Le PROCASEF intervient dans 136 communes du Sénégal dont 10 dans le département de Podor. A terme, chacune de ces circonscriptions sera dotée d’un Agent et d’un Bureau foncier, pour la gestion des questions foncières. Les charges financières liées à cette réforme doivent être intégrées dans le budget des communes pour pérenniser le dispositif d’où l’importance de renforcer les capacités des communes dans la gestion sécurisée du foncier. Il a été recommandé de moderniser les archives communales, améliorer les documents fonciers par toutes les informations concernant les parcelles identifiées, réduire les frais de bornage et surtout mettre en place des Comités de gestion des plaintes au sein des communes pour désamorcer les conflits fonciers avant qu’ils n’atterrissent dans les instances supérieures. A ce niveau, il est stratégique de valoriser le cadastre rural traditionnel à travers le Numéro d’Identification Cadastral (NICAD), un instrument de sécurisation foncière.
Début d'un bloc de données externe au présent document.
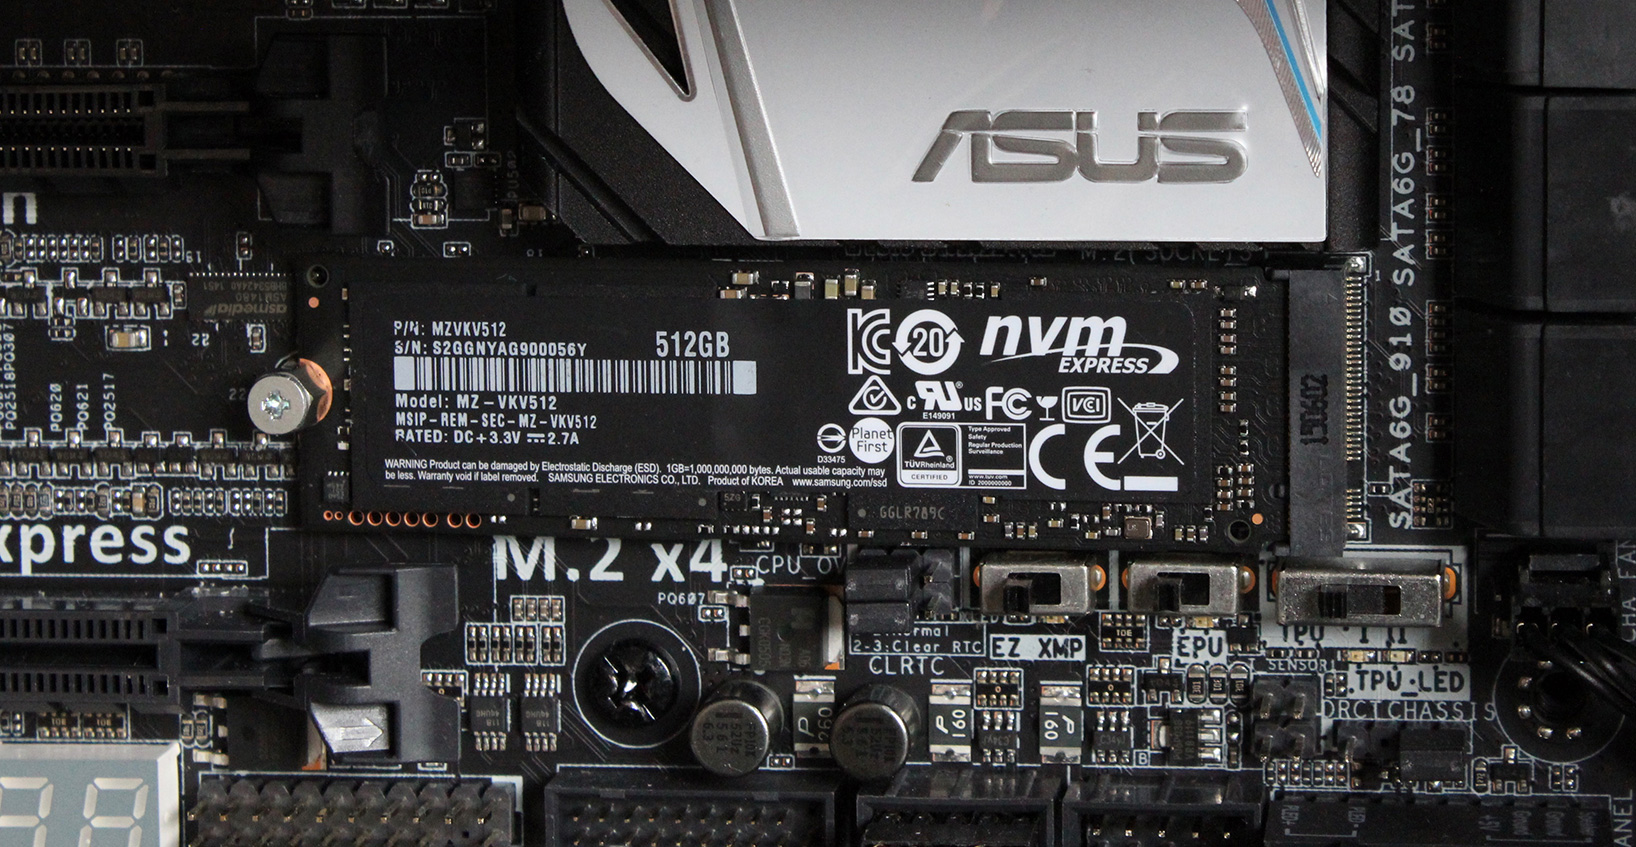 partij Nieuwe aankomst helling 950 Pro review: Samsung's first PCIe M.2 NVMe SSD is an absolute monster |  Ars Technica
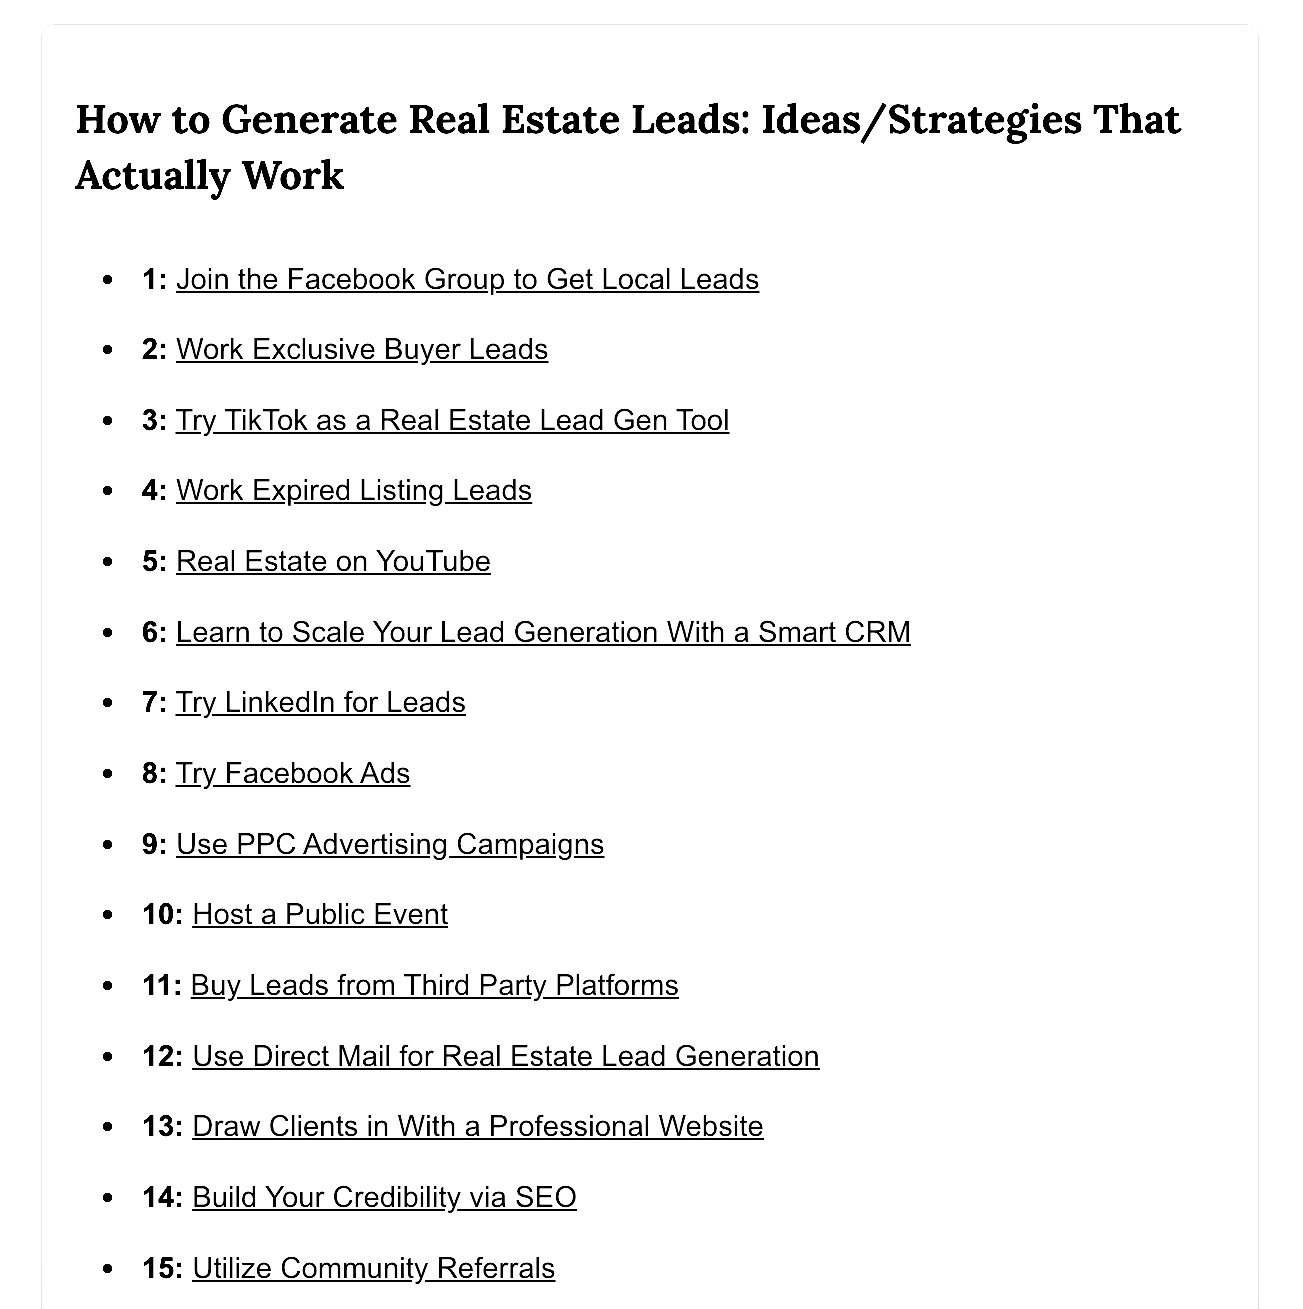 A list about how to find real estate leads.

Le panel suggère également, conformément à une recommandation du cadre de Réflexion et d’Action sur le Foncier au Sénégal (CRAFS), de privilégier la gestion concertée du foncier par le dialogue communautaire intégrant les réalités socio-culturelles locales. Il s’agit de traiter les questions foncières de manière concertée à travers le dialogue communautaire et l’assemblée populaire qui permettent d’inclure les familles, les communautés. Une telle approche permet d’aboutir à des consensus garantissant le droit de « propriété » foncière des populations et le respect des réalités locales face à l’agrobusiness et la rentabilité du foncier.
Il est recommandé d’élargir les commissions domaniales pour intégrer d’autres acteurs comme les « propriétaires terriens » et les chefs de zone POAS, d’outiller et d’accompagner les communes pour mieux comprendre l’Acte 3 de la décentralisation, mieux défendre les intérêts des populations dans le cadre d’arrangements fonciers tout en assurant un accompagnement institutionnel et technique des processus de négociations foncières entre les communautés locales et les investisseurs privés nationaux et internationaux.